Ketogenic diets, which are extremely low in carbohydrates, have long been used to reduce seizure frequency and are now being promoted for a variety of healthproblems, including obesity, diabetes, and liver disease. Ketogenic diets may help manage symptoms of some chronic diseasesand provide short-term relief.
According to new research from UC San Francisco scientists, ketogenic diets – extremely low-carbohydrate, high-fat diets that have long been known to help people with epilepsy and other neurological disorders – may work by reducing inflammation in the brain.
Because of their more efficient pathway, Ketones turned out to be a far better energy source for the brain than Glucose. Ketones produce more ATP per molecule than Glucose when used to produce energy using oxygen.

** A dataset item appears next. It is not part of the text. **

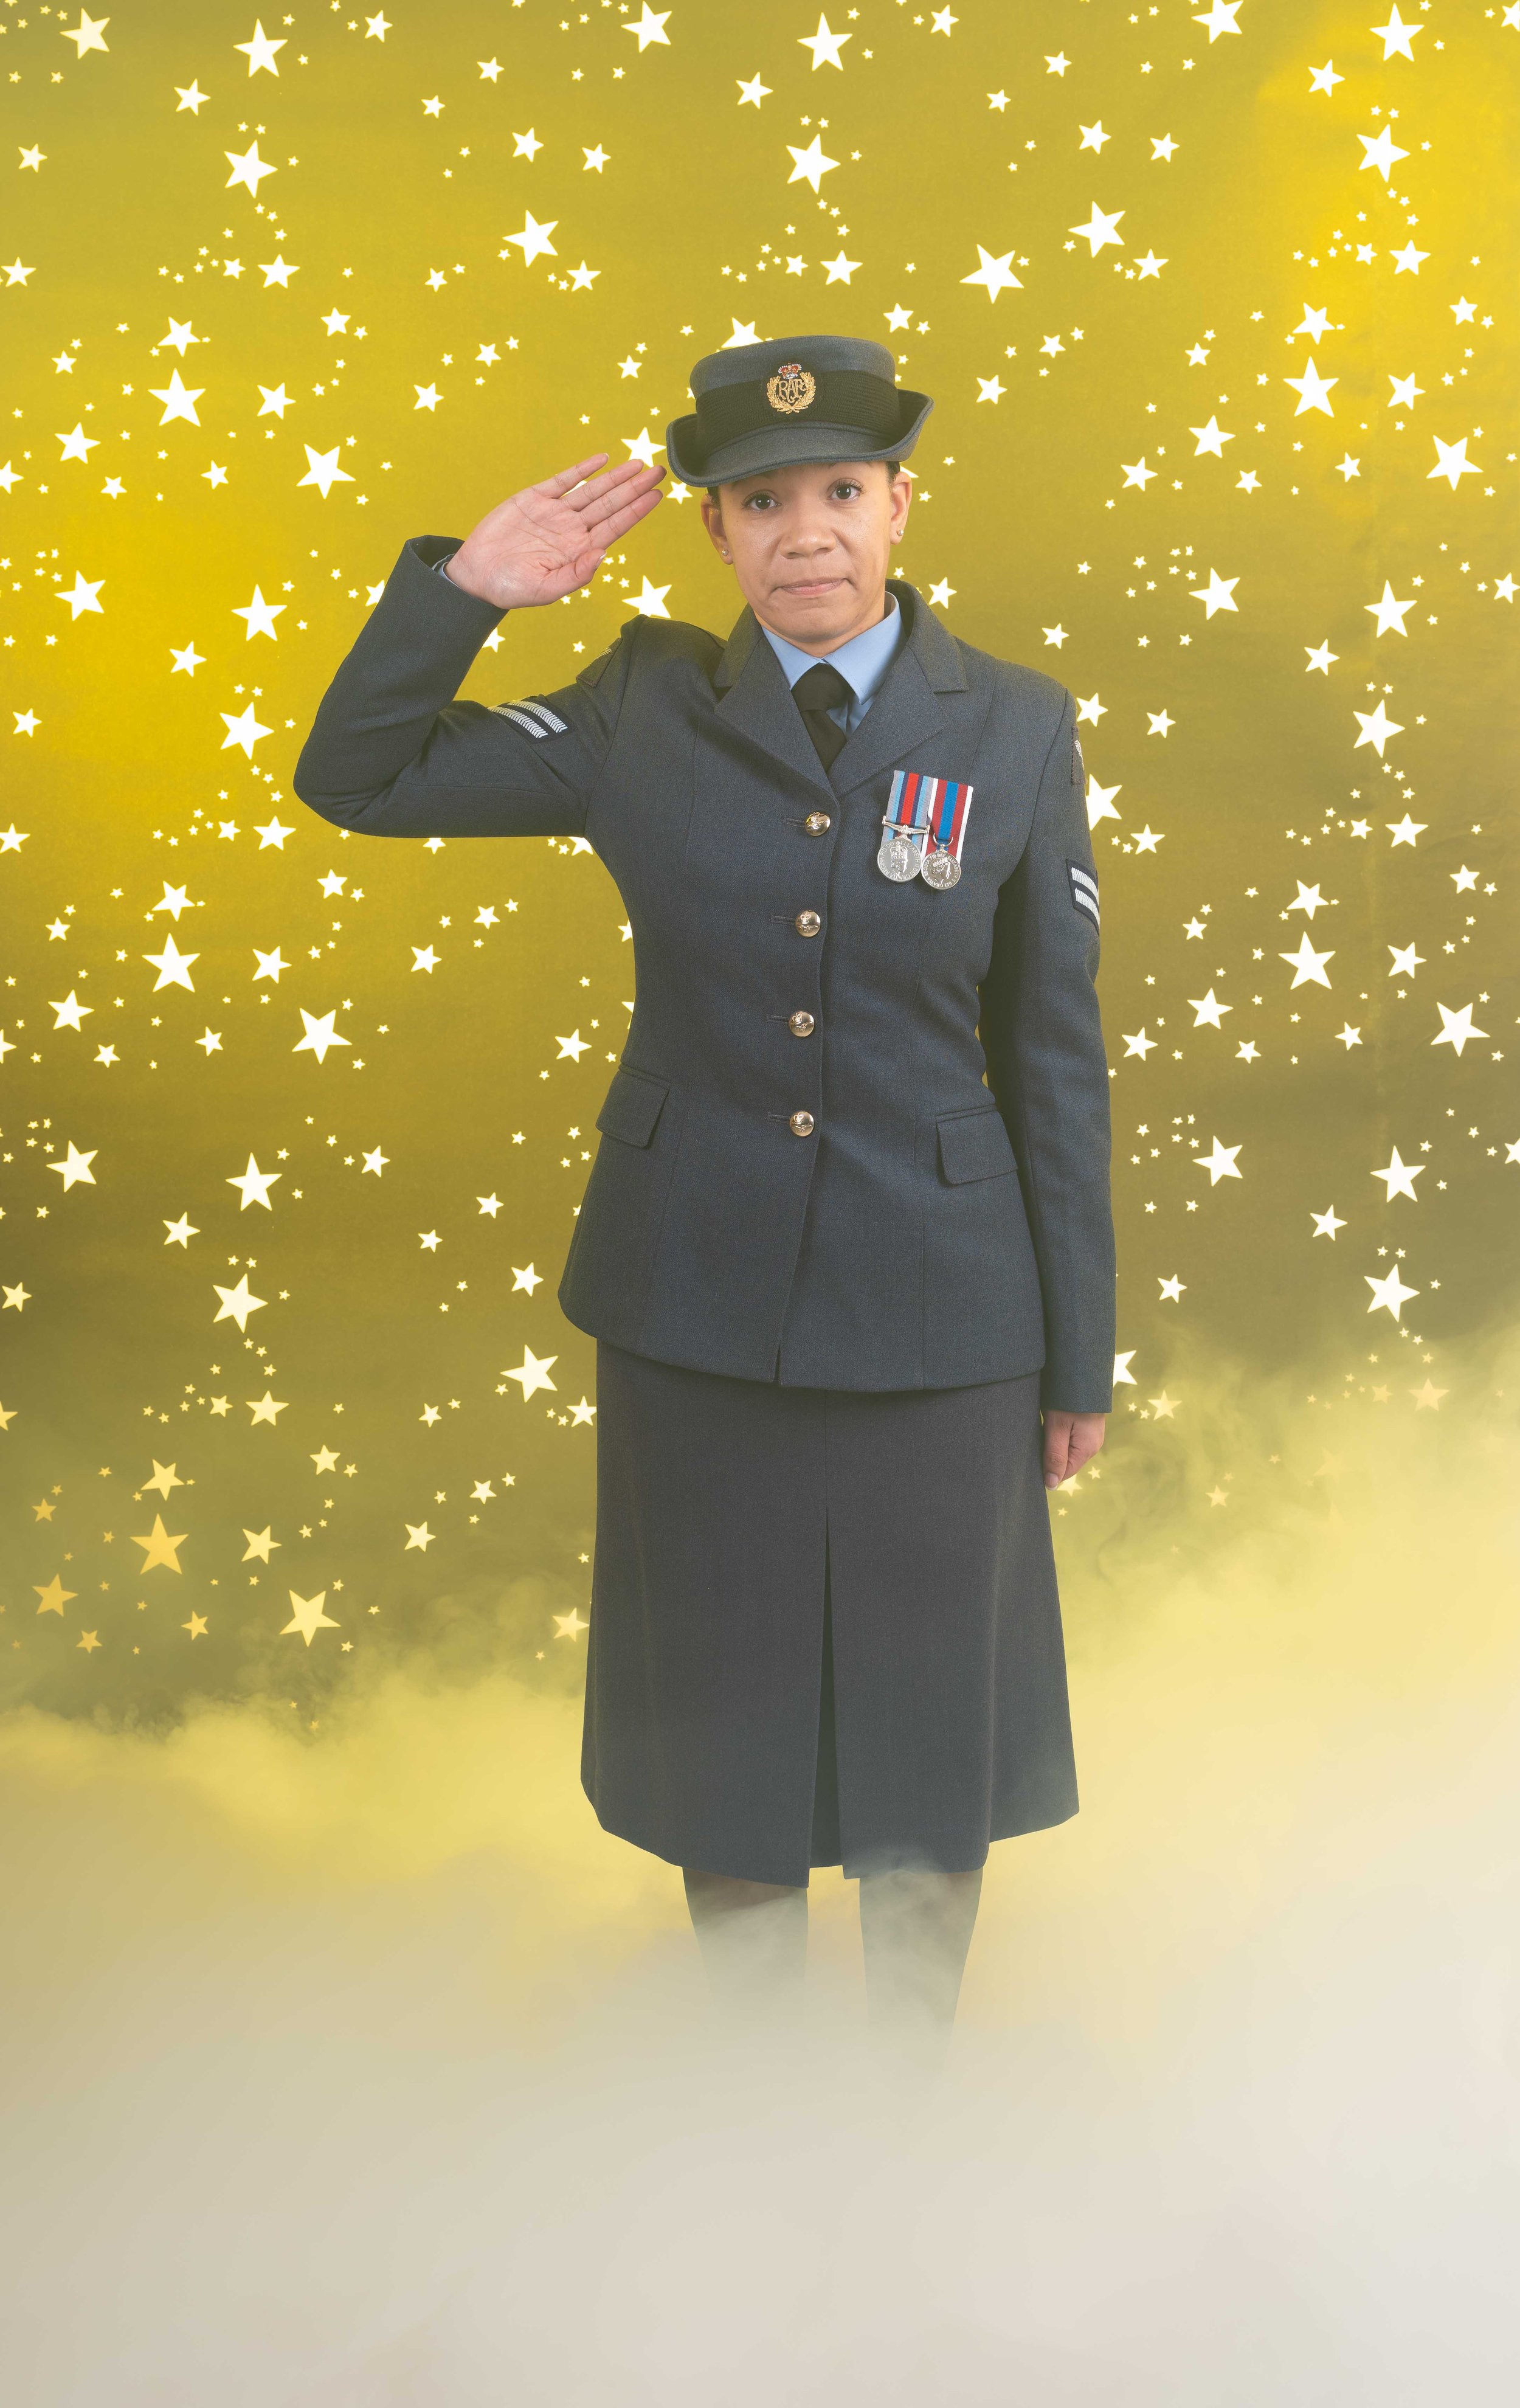 Danielle St Hilaire - Human Resources Officer (RAF)

Despite a paucity of clinical evidence, there is growing evidence that the ketogenic diet can be used to treat a wide range of neurological disorders. The basic idea behind these preliminary studies is that metabolic changes may lead to neuroprotective effects.
A common theme appears to be changes in energy metabolism. While the mechanisms by which the ketogenic diet produces these effects are likely to be diverse, there may be one or more mechanistically shared final pathways.
Suleman Shah is a researcher and freelance writer. As a researcher, he has worked with MNS University of Agriculture, Multan (Pakistan) and Texas A & M University (USA). He regularly writes science articles and blogs for science news website immersse.com and open access publishers OA Publishing London and Scientific Times. He loves to keep himself updated on scientific developments and convert these developments into everyday language to update the readers about the developments in the scientific era. His primary research focus is Plant sciences, and he contributed to this field by publishing his research in scientific journals and presenting his work at many Conferences.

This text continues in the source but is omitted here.